Yet it didn't make her want to become an actress. More interested in art and literature, Touzani loves the poetry of  Blake  and  Whitman, and hopes to work in design:

''The great thing this school has taught me,'' she says, ''is the importance of communicating ideas to people, and I want to do that through art.''

McPhillips students are eager, in Touzan's words, '' for a bit of experience everywhere.'' 

Joshua Shoemake, a young American, at the time in his third year as an English teacher, could easily better his  $10,000 annual salary by returning Stateside. But Shoemake is struck by the fact that the kids-

''Have no hang-ups about themselves, or about saying what they think. They are completely open about discussing sex and love and the complexities of human emotion.

They love  A Streetcar Named Desire. They really tap into  Stanley Kowalski, and also respond very strongly to Shakespeare, his poetry and his insight into human emotions.

''In America,'' Shoemake adds, '' If I departed too far from the standard textbook approach to things, or used certain words, there'd be protests. Here, the connecting to life,  the candor and the involvement, make me feel that I'm teaching myself, helping myself as well as the kids.''

Despite the school's less than authoritarian approach, discipline is stressed by McPhillips. The young man who took umbrage at the excesses of the Bowleses and their circle is older now, but no more tolerant of frivolity.

*He likes old-style manners, and the insistence that the students stand up when an adult enters the class room is something they now find perfectly natural like*.

*Like theatricality, courtesy is a Moroccan trait.*

The main boulevard of Tangier still looks like an exterior set of from a French movie. Neon signs date from the early 1930s, and only a distant palm tree and a tourist shop selling  fez-shaped ashtrays seem out of place.

The Spanish consulate might be one of these neo-Baroque government building in Madrid, the Italian church a transplant from Tuscany, and the palace bought by the late  Malcolm Forbes  -now a Museum housing his collection of  Tangier memorabilia  -needs only a grand hotel sign above the entrance to belong on the Riviera.

In the hills above the town, foreign residents built homes in the style of traditional Mediterranean villas. More recently, businessmen from Casablanca and oil-rich Saudis and Kuwaitis have favored a kind of postmodern Orientalism.

Boubker Soussi Temli, a Tangier antiques dealer, has created an astonishing  Moorish house with interiors reminiscent of  Pasolini's Arabian Nights.

In 1999, the international colony's most notable survivors are Pat Bowles, 88, who has written music for several McPhillips productions, and the American watercolorist Marguerite McBey, 93, a longtime moral and financial supporter of the American School-

As well as a member of its board of trustees. McBey has presented McPhllips with a house, designed many of the posters for school productions, and attended the 1998 graduation ceremony. The American Ambassador was among the speakers. 

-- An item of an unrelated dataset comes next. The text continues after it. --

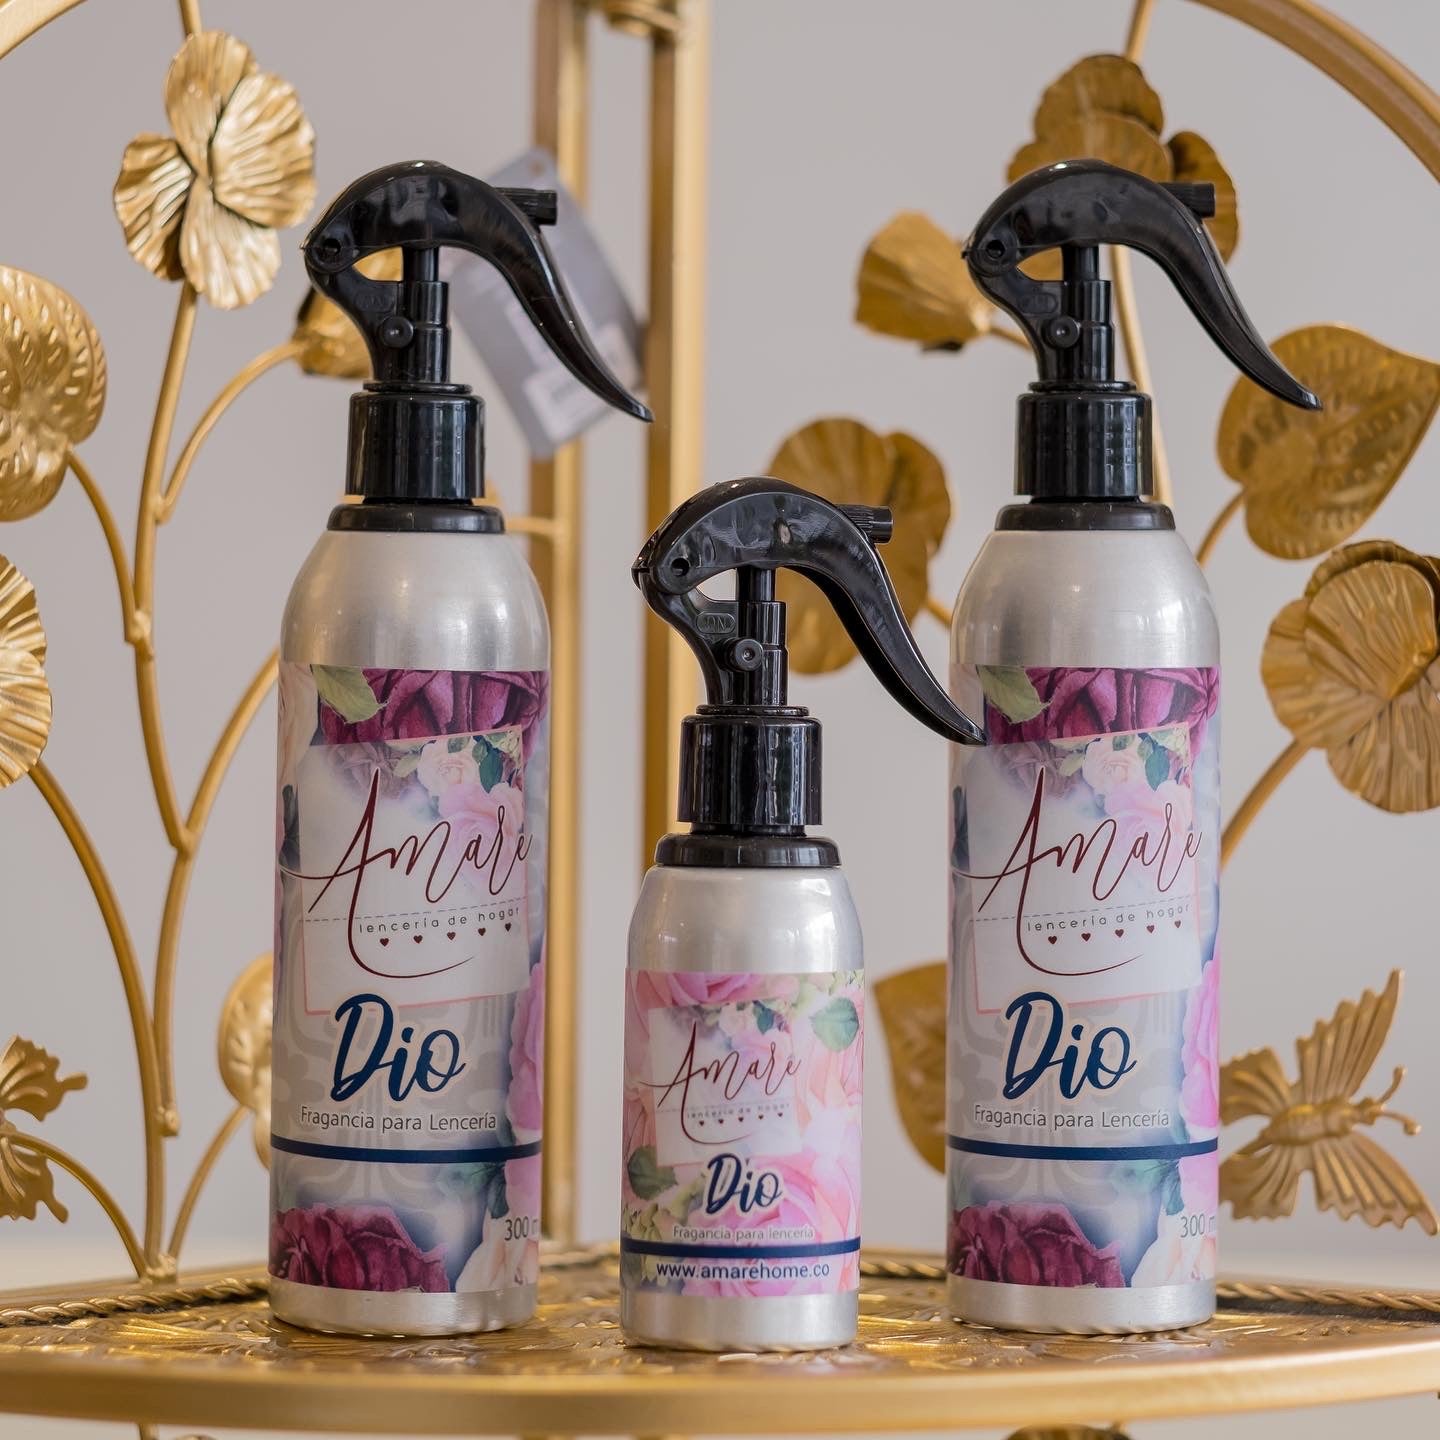 Home Fragrance Lingerie - Dio Collection

An important part of  Tangier's past is the number of Americans and European eyes it opened. 

An important part of Tangier's future will be the number of young Moroccans eyes opened to America and Europe.

Scholarships now take students of the American school to Brandeis, Bryn Mawr, Harvard, Stanford, U.S.C., and Yale, as well as University of Chicago.

Some students will remain abroad, and some will return home, to work in their chosen professions.

Either way, they will find their lives changed by their experiences at the school, as McPhillips did when he decided to stay in Tangier over 50 years ago.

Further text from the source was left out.